The findings indicate that, between 1990 and 2020, the Qinling Mountains north slope region experienced rapid urbanization, resulting in a significant decrease in total carbon storage, primarily due to the decline in CL and the increase in COL. However, the areas of FL, GL, and WA, although they also varied over the three decades, were generally more stable, showing that the region had been effective in ecological conservation.

4.1. Carbon Storage Analysis for Four Scenarios in 2030

As shown in Figure 8, in the simulation of carbon storage in the four scenarios in 2030, the carbon storage in the Qinling Mountains north slope region was reduced in all scenarios, compared with that in 2020. Specifically, the predominant factor driving this decline is the reduction in CL, a trend that persists even in the AP scenario, failing to counteract the sharp decline in cultivated land area. The carbon storage of CL was reduced by about 2.25 million tons, compared to 2020. However, the area in GL and COL increased year by year from 2010 and, even in the four scenarios in 2030, they also maintained an increasing trend, indicating that the decrease in carbon storage in the region was caused by the boom in urbanization on the one hand. On the other hand, it might also be caused by the relevant government’s policy of returning farmland to grassland.

In conclusion, the simulation results for carbon storage in the four 2030 scenarios, coupled with identifying key contributing factors, underscore the preferential adoption of the AP scenario.
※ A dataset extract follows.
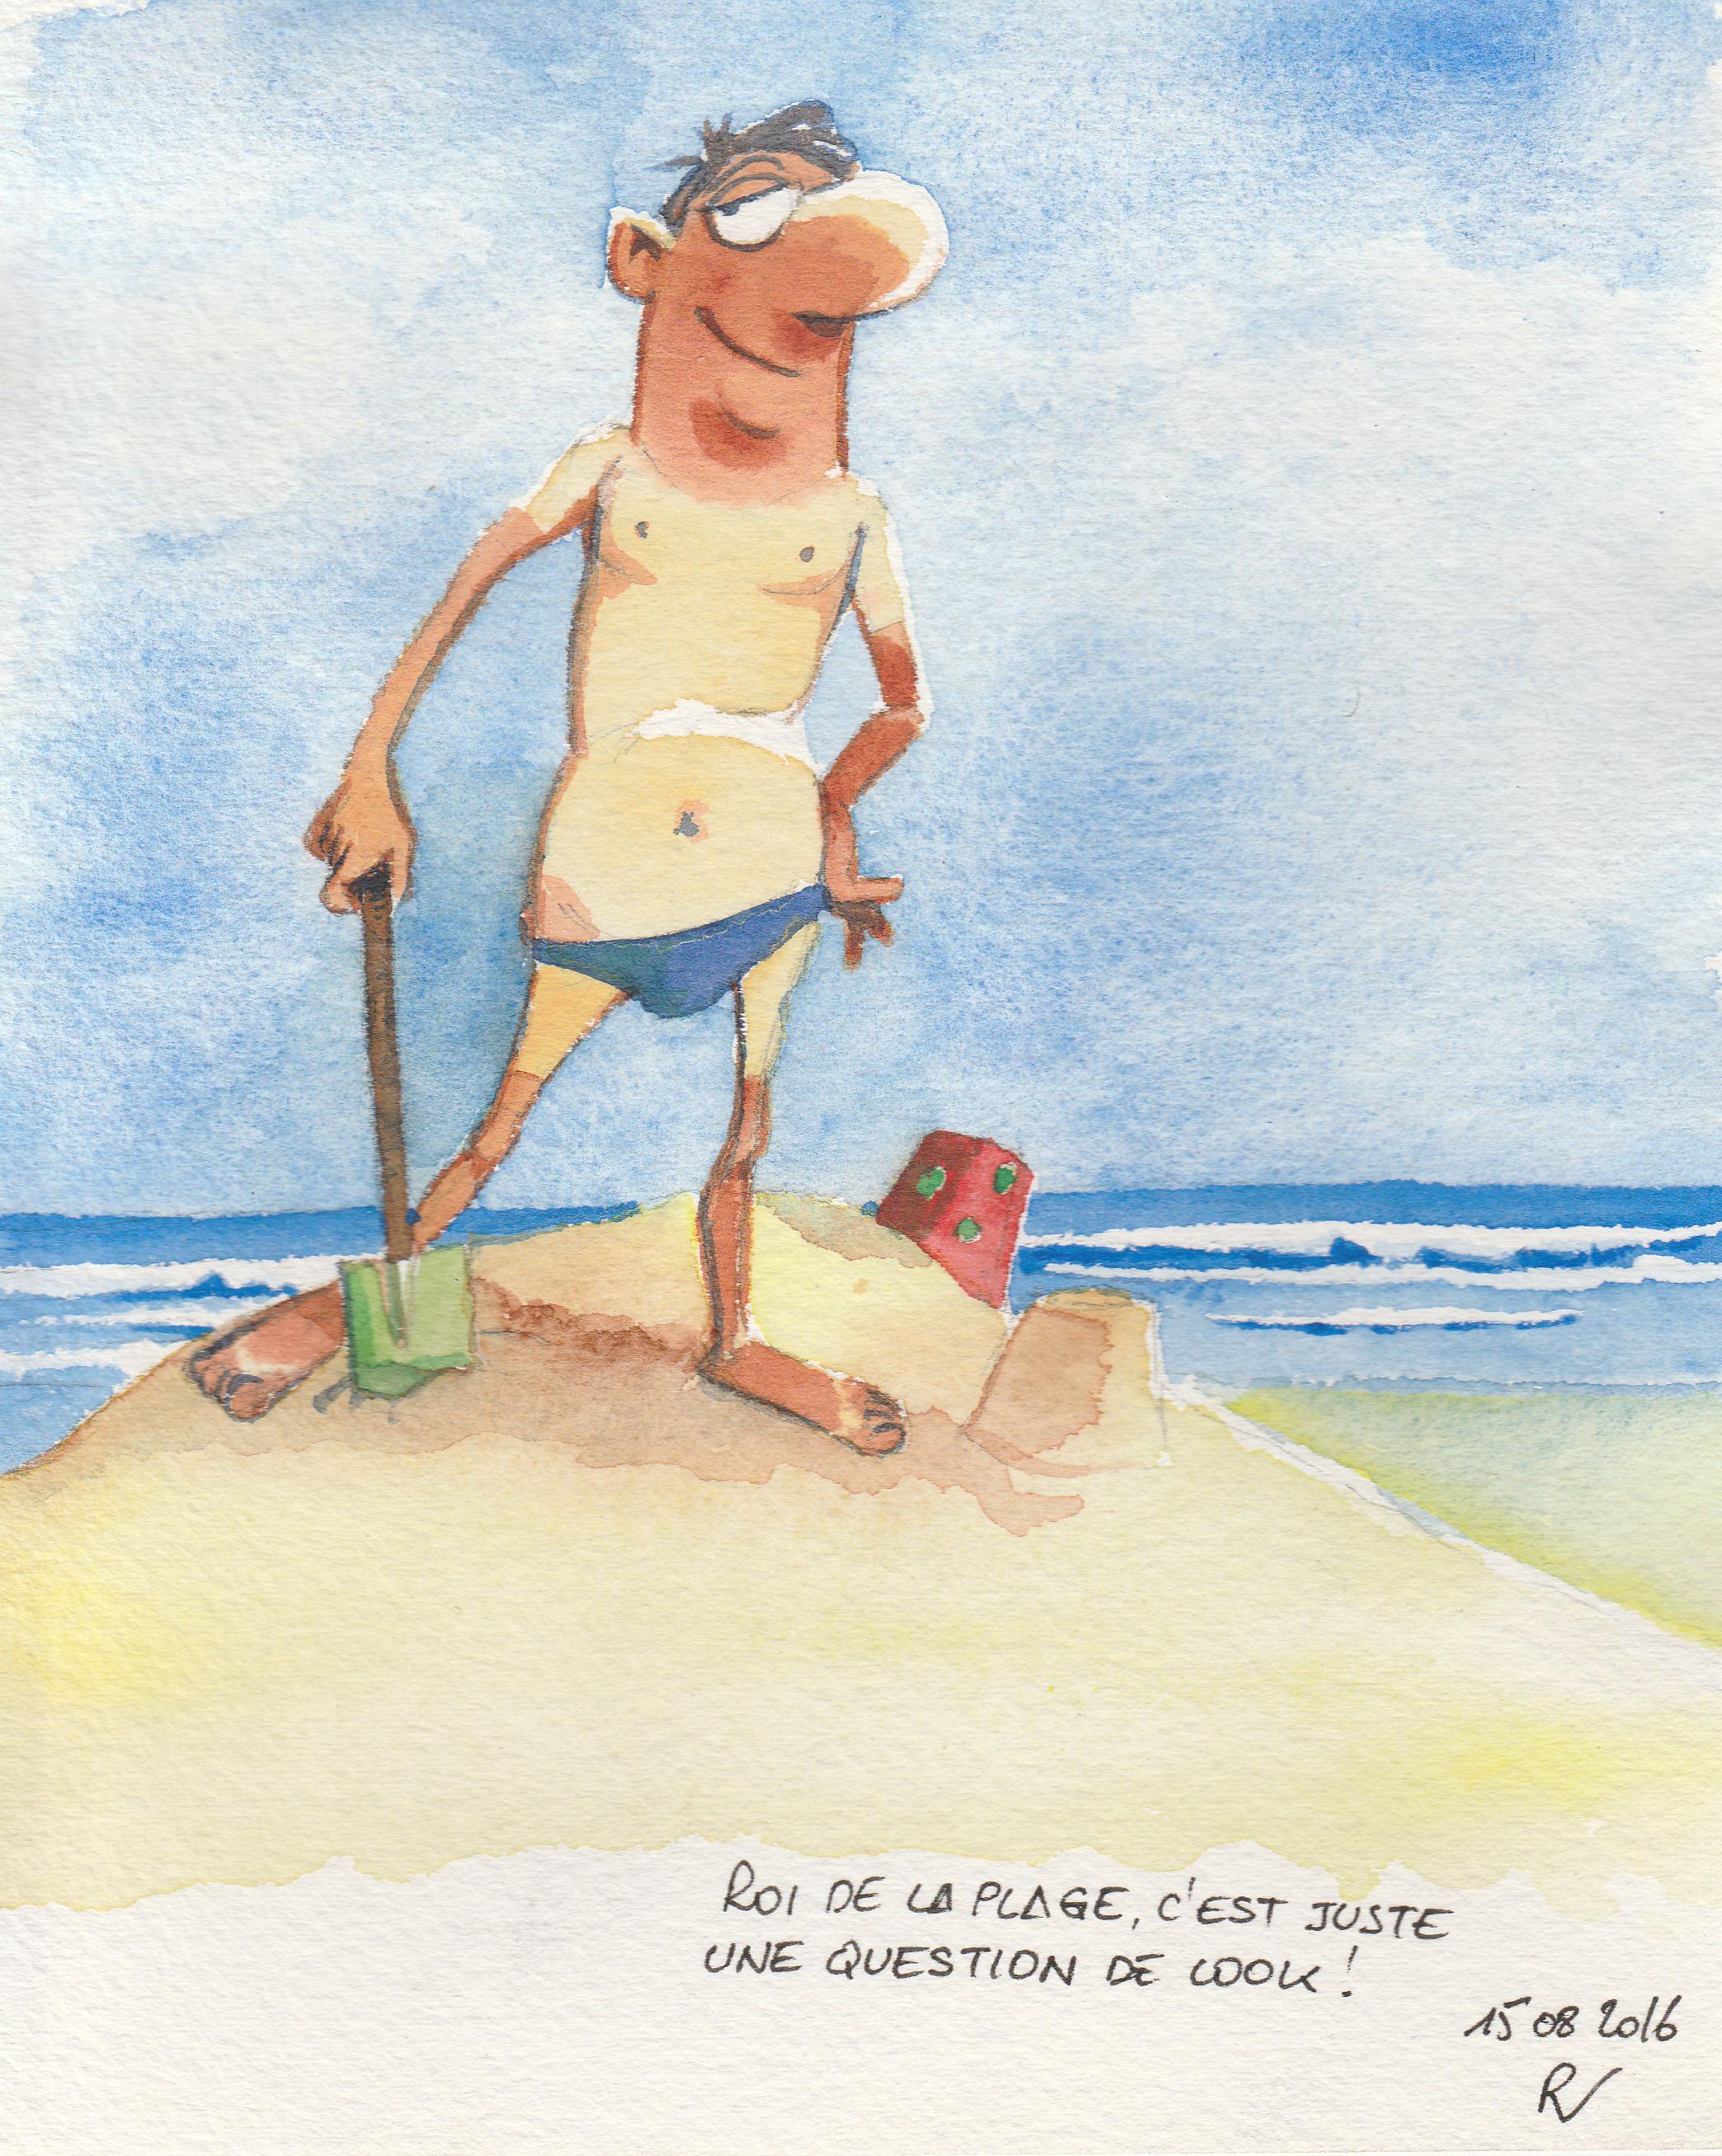 roi-de-la-plage
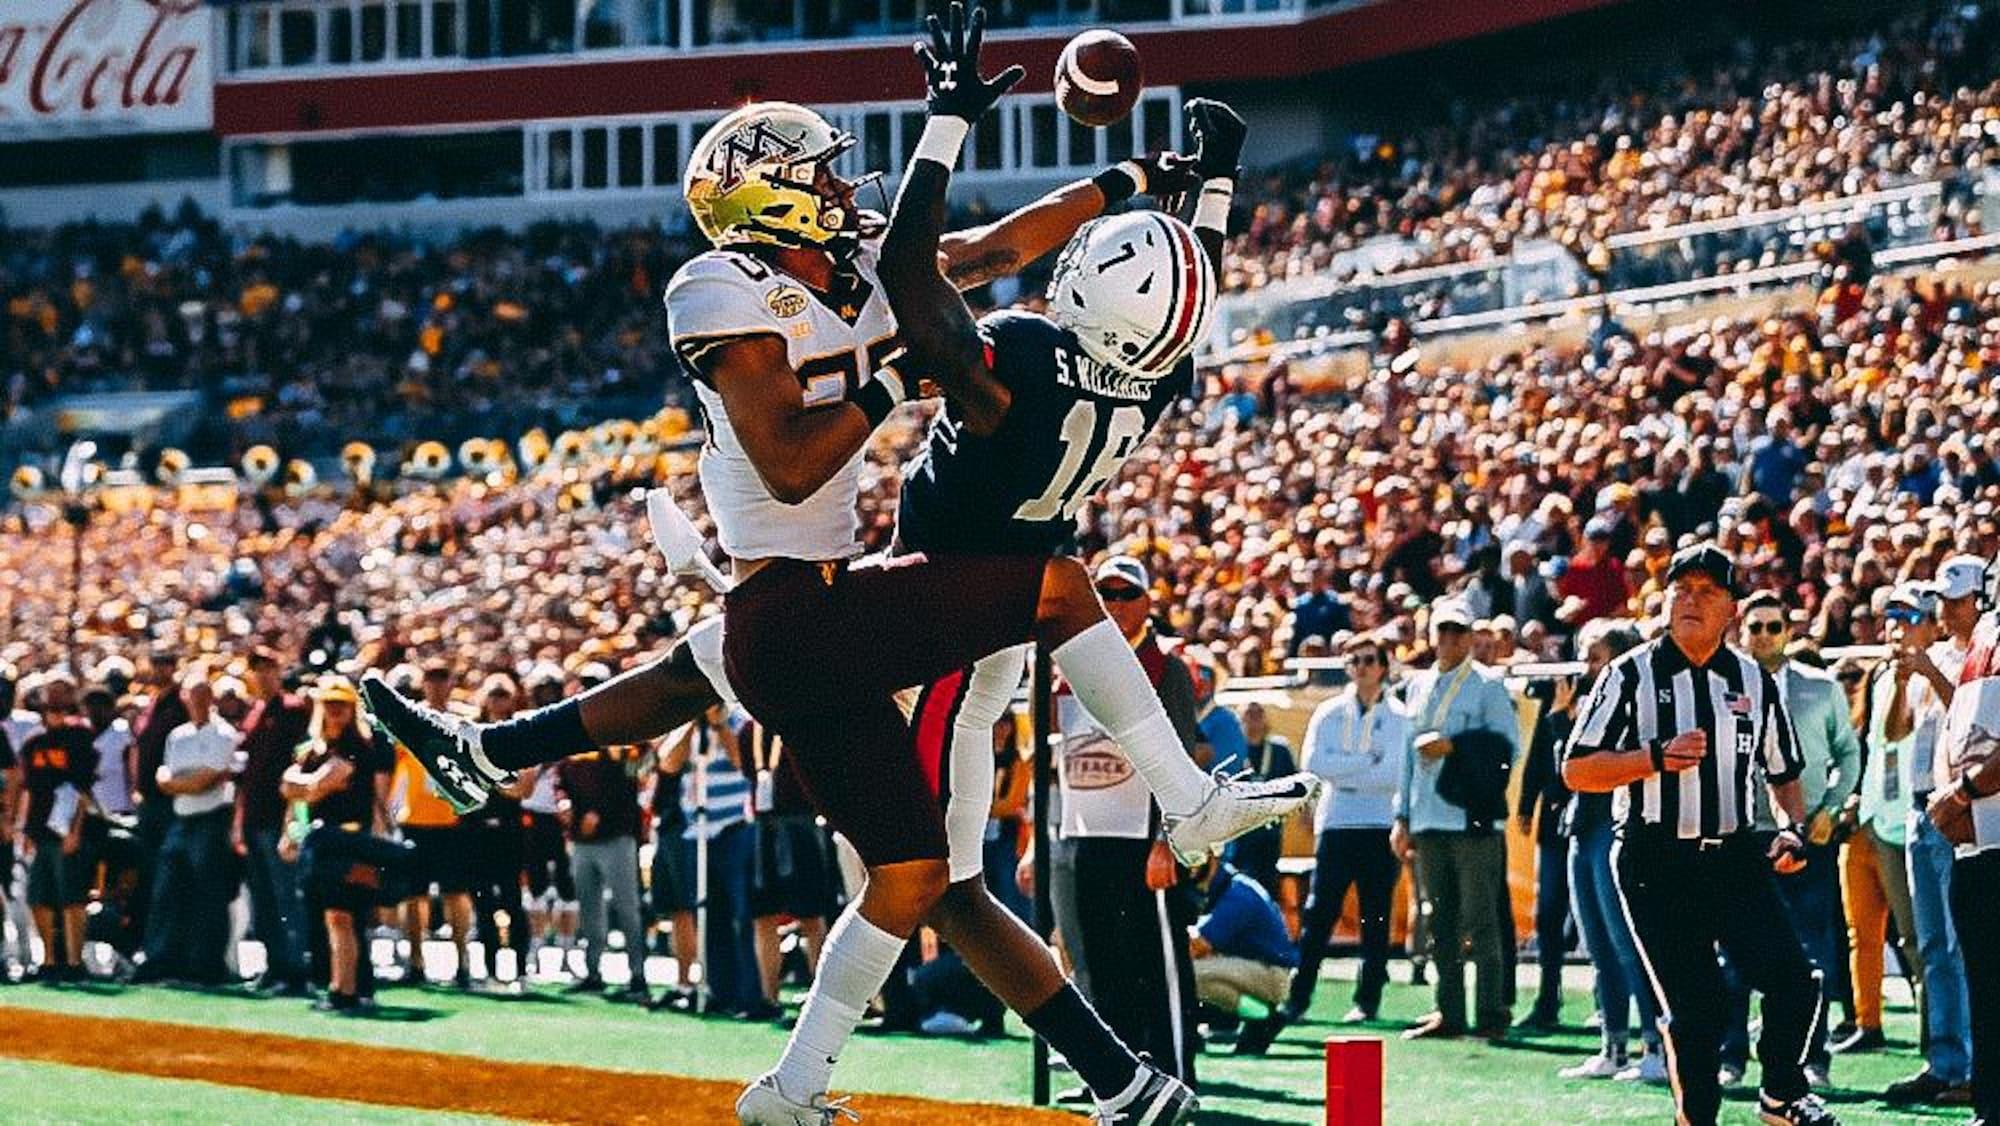 Benjamin St-Juste rabat une passe destinée au receveur Seth Williams (no 18), des Tigers de l'Université Auburn, pendant le Outback Bowl, le 1er janvier 2020.

This strategy prioritizes safeguarding cultivated land to halt the decline in carbon storage within the region and potentially even achieve an increase in carbon storage. Notably, the AP scenario aligns harmoniously with the national strategy proposed by the Chinese government, emphasizing the importance of “protecting cultivated land to ensure national food security”, which is proposed by the Chinese government today.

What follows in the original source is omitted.